La plainte dénonçait le dépassement "systématique et régulier" des niveaux sonores autorisés lors des grands événements musicaux organisés dans l'enceinte du Bernabéu. Plusieurs rapports d’ingénierie acoustique indépendants ont été versés au dossier. Ils ont été réalisés notamment pendant les concerts de superstars mondiales comme Taylor Swift, Manuel Carrasco ou Luis Miguel, tous venus se produire au Santiago Bernabéu.
Ces relevés ont confirmé que les décibels explosaient littéralement les plafonds légaux. Comme le rapporte la Cadena SER, un rapport officiel de la police municipale de Madrid est venu valider ces mesures privées, soulignant que le bruit émanant de l'antre madrilène atteignait des niveaux susceptibles de causer des dommages réels à la santé publique (stress, insomnies, troubles auditifs).
Ce dossier met en lumière un conflit déchirant pour certains plaignants. La Cadena SER révèle les propos d'Enrique Martínez, porte-parole de l’association et figure centrale de cette fronde. Loin du cliché de l'anti-madridiste primaire, Martínez est un socio fidèle, sympathisant du club depuis des décennies, mais dont la vie à côté du Santiago Bernabéu est devenue un enfer.

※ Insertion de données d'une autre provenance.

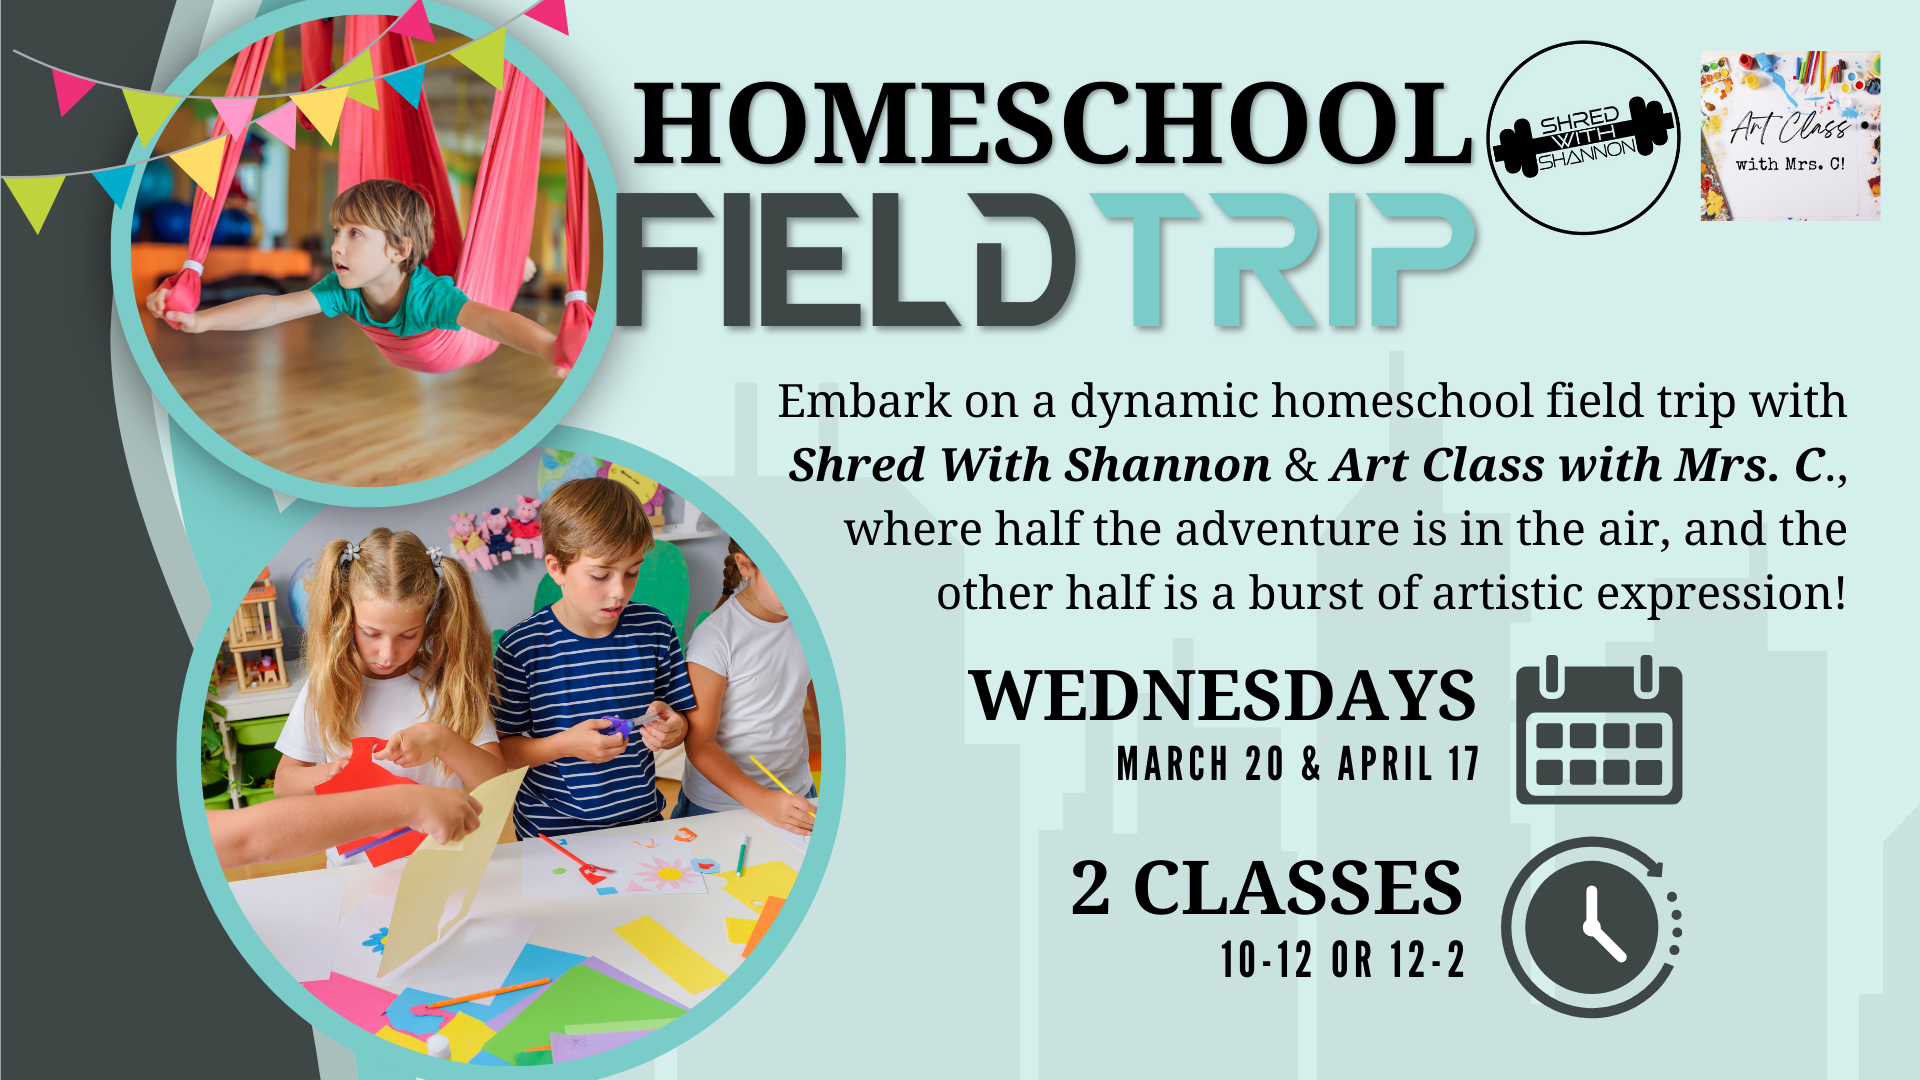 a poster for a homeschool field trip on wednesdays

« Nous ne sommes pas fiers d’amener le Real Madrid au tribunal », confie-t-il avec amertume. Pour lui, cette action judiciaire est un acte de légitime défense qui ne vise pas l'institution sportive, mais la protection vitale des résidents du Bernabéu. Selon son analyse, le modèle économique agressif mis en place par le club a piétiné le droit fondamental des citoyens au repos.
Malgré les critiques initiales, les moqueries sur les réseaux sociaux traitant les riverains de l'enceinte merengue de "retraités pointilleux", Enrique Martínez estime que la décision de la magistrate de convoquer le club crée un précédent salutaire. « Au final, on comprend que c’est un sujet sérieux, comme l’a été la réglementation sur le tabac à son époque », précise-t-il. La justice doit désormais déterminer si le Real Madrid s'est rendu coupable d'un délit environnemental par pollution sonore.
Au-delà de l'aspect sanitaire, c'est toute la stratégie économique de Florentino Pérez concernant le temple du Real Madrid qui est percutée de plein fouet. Le projet de rénovation ne visait pas seulement à moderniser un stade de football ; il avait pour ambition de transformer le stade du Real Madrid en une "machine à cash" fonctionnant 365 jours par an.
Le stade devait devenir le point névralgique de l'événementiel en Espagne : concerts géants, matchs de NFL, tennis et festivals au cœur du Bernabéu. Ce modèle de diversification devait faire du Real Madrid le club générant le plus de revenus d'exploitation au monde. Pérez rêvait d'entrer dans l'histoire comme le second président bâtisseur, marchant dans les pas de son illustre modèle, Santiago Bernabéu (le président historique), qui avait érigé le vieux stade de Chamartín.
Si la justice impose des restrictions sonores drastiques ou interdit les concerts au Bernabéu, c'est la clé de voûte de ce plan à un milliard d'euros qui s'effondre. Le jugement actuel ne porte pas sur les décisions de la mairie, mais voir le Real Madrid au banc des accusés pour l'exploitation de son stade est une image inédite qui écorne son prestige et oblige la direction à repenser urgemment sa stratégie.